On the question of whether Christians and atheists can work together, the Religious News Service ran an interesting piece that is an interview with Harvard’s Chris Stedman, who is an interfaith activist but atheist, and author of the book, Faitheist: How an Atheist Found Common Ground with the Religious.
Here are five beliefs that I believe could change our global discourse, sentiments, and actions about the power of religious, spiritual, and philosophical diversity for good.
1. Every person can fully embrace and follow their religious tradition, spiritual interests, or philosophical views without creating division, destruction, hostility, or hatred.

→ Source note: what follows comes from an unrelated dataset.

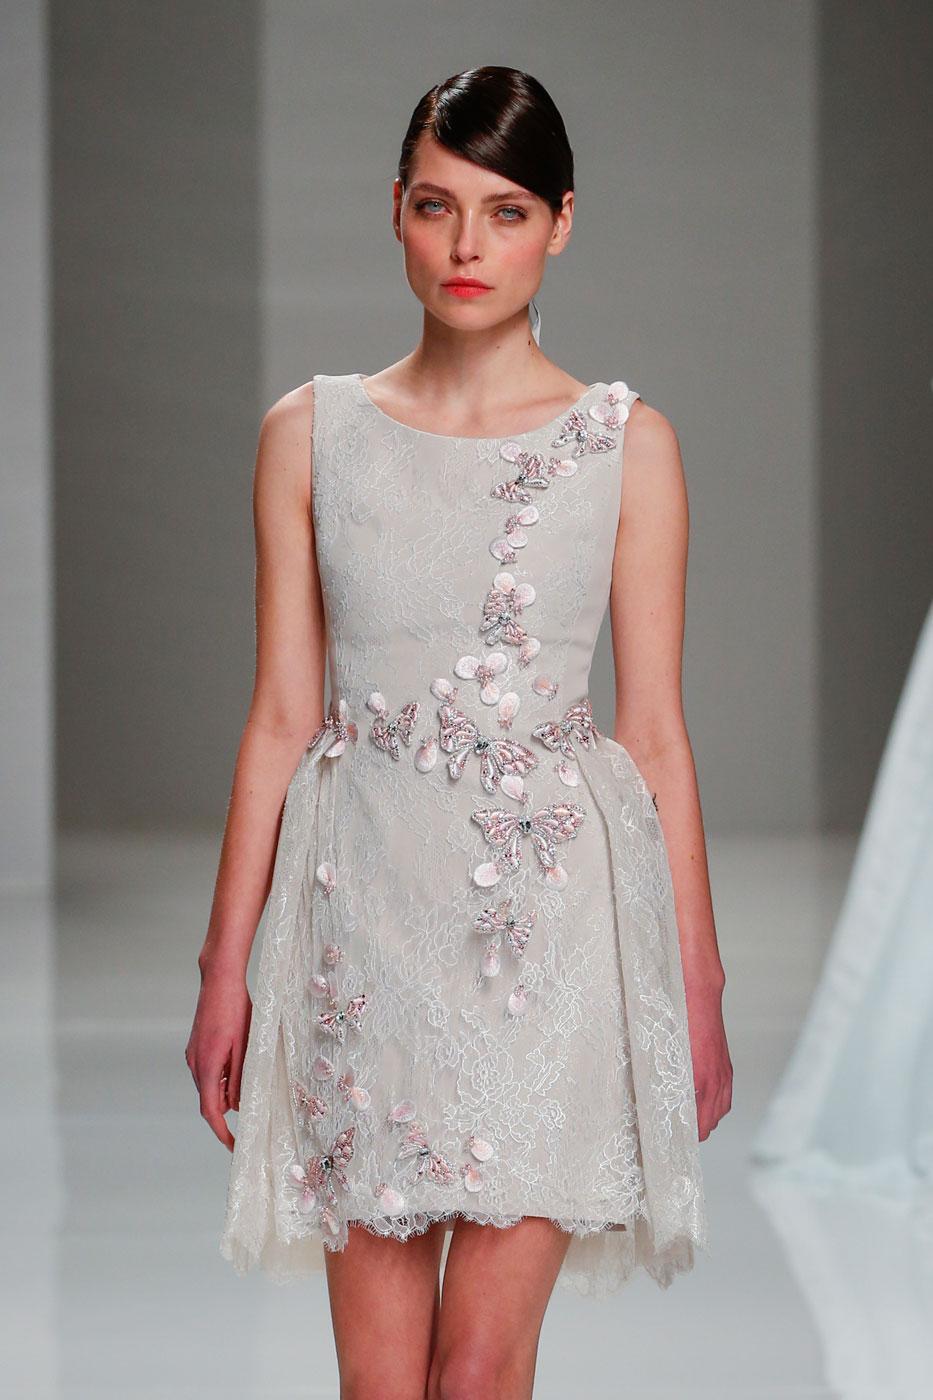 Georges-Hobeika-fashion-runway-show-haute-couture-paris-spring-2015-the-impression-64

2. Every person can find a rationale and motivation within their religious tradition, spiritual interests, or philosophical views to be an instrument of goodness, peace, love, and compassion in the world, and affirm the inherent, equal, and unconditional worth of every human being.
3. Every person has the right to follow their own inner guidance in choosing their own religious, spiritual, or philosophical views and practices.
4. Every person can participate in a process of personal growth, self-actualization, and fulfillment of one’s highest beliefs and aspirations, and encourage the same for others.
5. Every person benefits when each of us follows our own unique inspiration for building a world that works for everyone.
Whatever one believes about God, we are all 100% human. According to Maslow’s Hierarchy of Needs, we all roughly want the same things: the necessities for safety, security and survival; the need for belonging, esteem, love and relationship; to reach our full individual and collective potential. We all suffer loss, have our fears, encounter suffering and endure difficulties. Religion is not going away, neither is atheism. And whether we like or not, we all are in this together. Or as Martin Luther King, Jr. said, “We must learn to live together as brothers and sisters or perish as fools.”